Municipal Corporation of Ahmedabad and Another, cited by the learned counsel for the respondents, is not applicable to the present case as in those judgments the learned Judges were considering the question whether the jurisdiction of the Civil Court to hear the matters falling within the ambit of industrial disputes under the Act is barred or not. So far the High Court is concerned as, the existence of an alternative remedy is not a bar for exercising the powers of judicial review under Article 226 of the Constitution of India and it is only a self- imposed restriction based on rule of prudence. 23. It is not in dispute that legality of the order of termination passed by the employer is an industrial dispute within the meaning of Section 2(k) of the Act and in the normal course it is referred to the Labour Court u/s 10 of the Act by the appropriate Government. No doubt the Act does provide an alternative remedy which is speedy and inexpensive and in the normal course powers under Article 226 of the Constitution of India may not be exercised merely to resolve the grievance of some wrongful dismissal, but in a given case depending upon its facts and circumstances and the issues involved, the Court may decide to bypass the statutory remedy.

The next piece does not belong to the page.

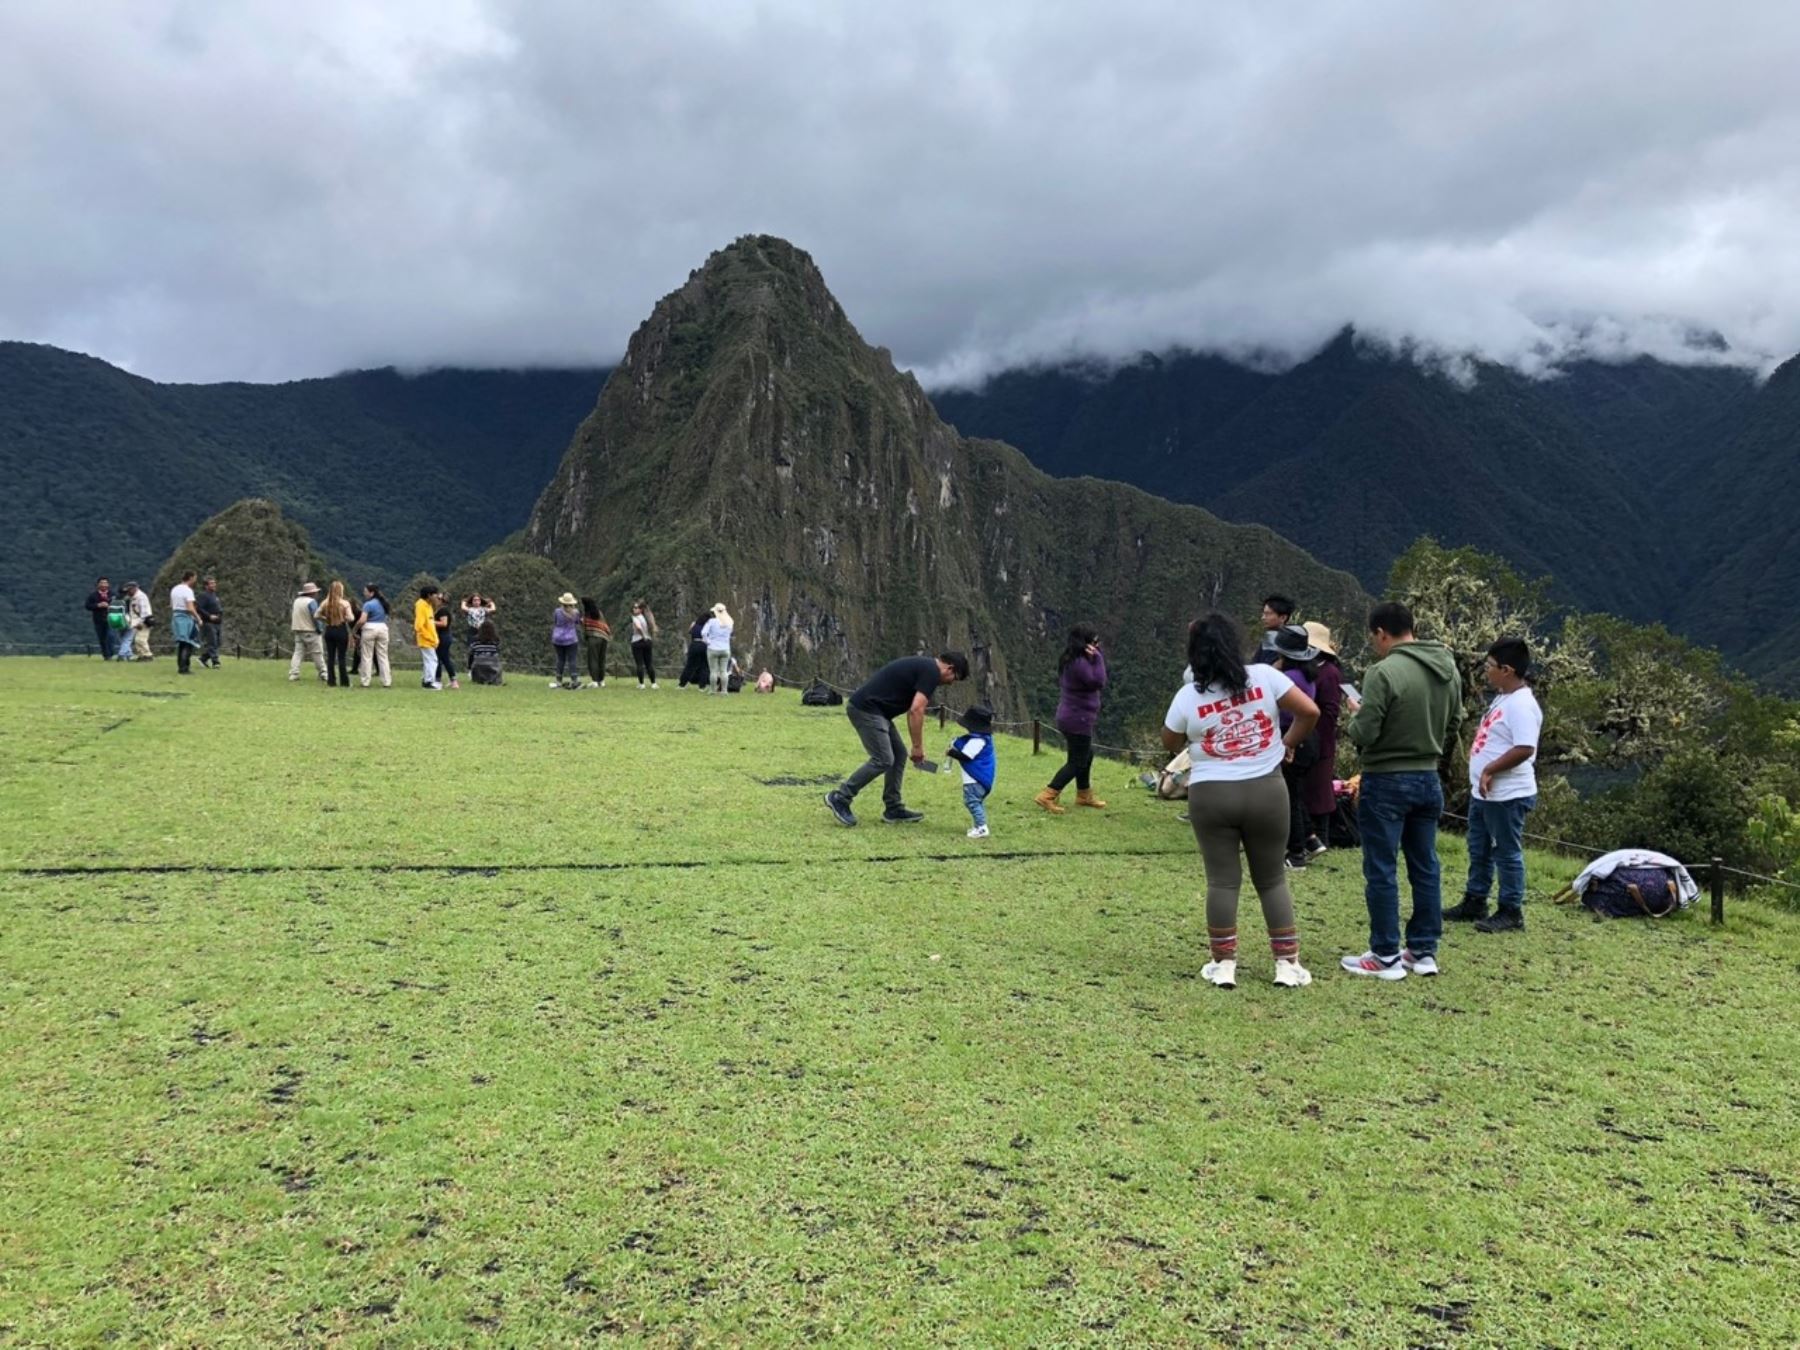 Poco a poco Machu Picchu comienza a recobrar su brillo y empieza a recibir más turistas tras su reapertura el 15 de febrero. En las dos primeras semanas recibió cerca de 12,000 visitantes. Foto: ANDINA/difusión.

The case in hand falls in such category. Had this objection been raised at the time of admission of the writ petition, this Court would have decided it and directed the petitioners to raise the dispute under the Act. But after admitting the writ petition and keeping it pending for the last 10 years, it will not be fair and just to dismiss the writ petition on the ground that an alternative remedy under the Act is available to the petitioners and they may raise the same under the Act. For taking this view, we have relied upon the judgment of Division Bench of this Court in Jagbir Singh and Others Vs. State of H.P. and Others, (1999) 2 LLJ 304 . Moreover the present case does not involve disputed questions of fact which cannot be decided on the basis of affidavits filed by the parties. 24. The result of above discussion is that there is no merit in this petition and it is dismissed.